RequiredParameterNode, RequiredParameterNode, RestParameterNode
seven1m added a commit to natalie-lang/natalie that referenced this issue Sep 10, 2023
I was trying to get test/natalie/method_test.rb parsing (and passing),
but I think I found a few unexpected results from YARP. I think these
are bugs, which I filed here:

ruby/prism#1435
ruby/prism#1436
seven1m added a commit to natalie-lang/natalie that referenced this issue Sep 10, 2023
I was trying to get test/natalie/method_test.rb parsing (and passing),
but I found a few unexpected results from YARP. I think these are bugs,
which I filed here:

ruby/prism#1435
ruby/prism#1436
@seven1m
Copy link
Contributor Author

seven1m commented Sep 10, 2023

If I change the code at https://github.com/ruby/yarp/blob/main/src/yarp.c#L9115-L9120 from:

                if (params->rest == NULL) {
                    yp_parameters_node_rest_set(params, param);
                } else {
                    yp_diagnostic_list_append(&parser->error_list, param->base.location.start, param->base.location.end, YP_ERR_PARAMETER_SPLAT_MULTI);
                    yp_parameters_node_posts_append(params, (yp_node_t *) param);
                }

...to just:

                yp_diagnostic_list_append(&parser->error_list, param->base.location.start, param->base.location.end, YP_ERR_PARAMETER_SPLAT_MULTI);
                yp_parameters_node_posts_append(params, (yp_node_t *) param);

...it fixes the issue. But I don't think that is the proper solution, since then we aren't setting the ParametersNode#rest attr.

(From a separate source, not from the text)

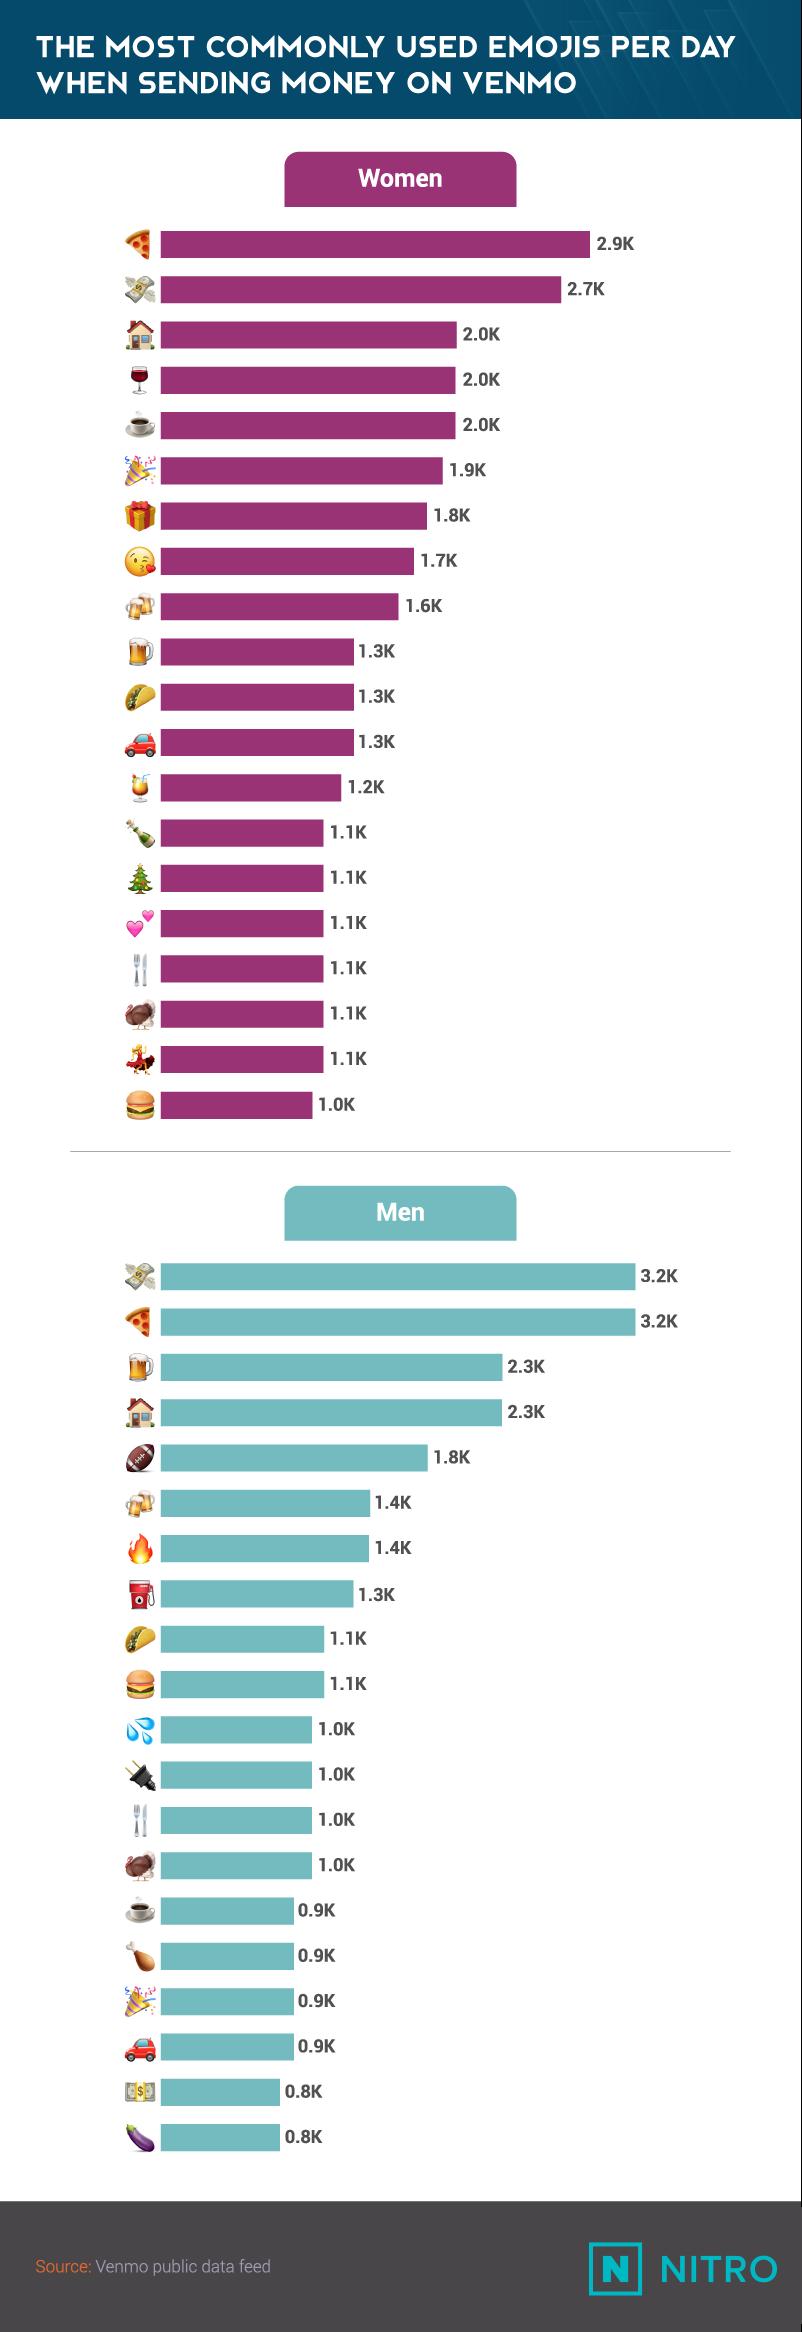 Venmo Emojis_The Most Commonly Used Emojis Per Day When Sending Money-NITRO

[edit] And now I understand that posts are "post optional arguments", which seem to be for something else. I think I'm out of my depth here. 😅

@kddnewton
Copy link
Collaborator

So I think this behavior is actually as expected, though very confusing. It's easier if you look at the inspect output:

$ bin/parse -e 'def foo(x, *splat, y); end'
@ ProgramNode (location: (0...26))
├── locals: []
└── statements:
    @ StatementsNode (location: (0...26))
    └── body: (length: 1)
        └── @ DefNode (location: (0...26))
            ├── name: :foo
            ├── name_loc: (4...7) = "foo"
            ├── receiver: ∅
            ├── parameters:
            │   @ ParametersNode (location: (8...20))
            │   ├── requireds: (length: 1)
            │   │   └── @ RequiredParameterNode (location: (8...9))
            │   │       └── name: :x
            │   ├── optionals: (length: 0)
            │   ├── posts: (length: 1)
            │   │   └── @ RequiredParameterNode (location: (19...20))
            │   │       └── name: :y
            │   ├── rest:
            │   │   @ RestParameterNode (location: (11...17))
            │   │   ├── name: :splat
            │   │   ├── name_loc: (12...17) = "splat"
            │   │   └── operator_loc: (11...12) = "*"
            │   ├── keywords: (length: 0)
            │   ├── keyword_rest: ∅
            │   └── block: ∅
            ├── body: ∅
            ├── locals: [:x, :splat, :y]
            ├── def_keyword_loc: (0...3) = "def"
            ├── operator_loc: ∅
            ├── lparen_loc: (7...8) = "("
            ├── rparen_loc: (20...21) = ")"
            ├── equal_loc: ∅
            └── end_keyword_loc: (23...26) = "end"

#child_nodes in this case is confusing, because it doesn't come back sorted by location. I think this is definitely something that can be improved (either by sorting when it's called or making it more explicit in the docs).

#posts are meant to be any required positional arguments after optionals or rest positionals. Basically they're the things that get taken from the end of the list as opposed to the start.

@enebo
Copy link
Collaborator

enebo commented Sep 10, 2023

@kddnewton won't this get fixed if we just switch posts and rest in config.yml and regenerate the templates?

@seven1m
Copy link
Contributor Author

seven1m commented Sep 10, 2023

#posts are meant to be any required positional arguments after optionals or rest positionals. Basically they're the things that get taken from the end of the list as opposed to the start.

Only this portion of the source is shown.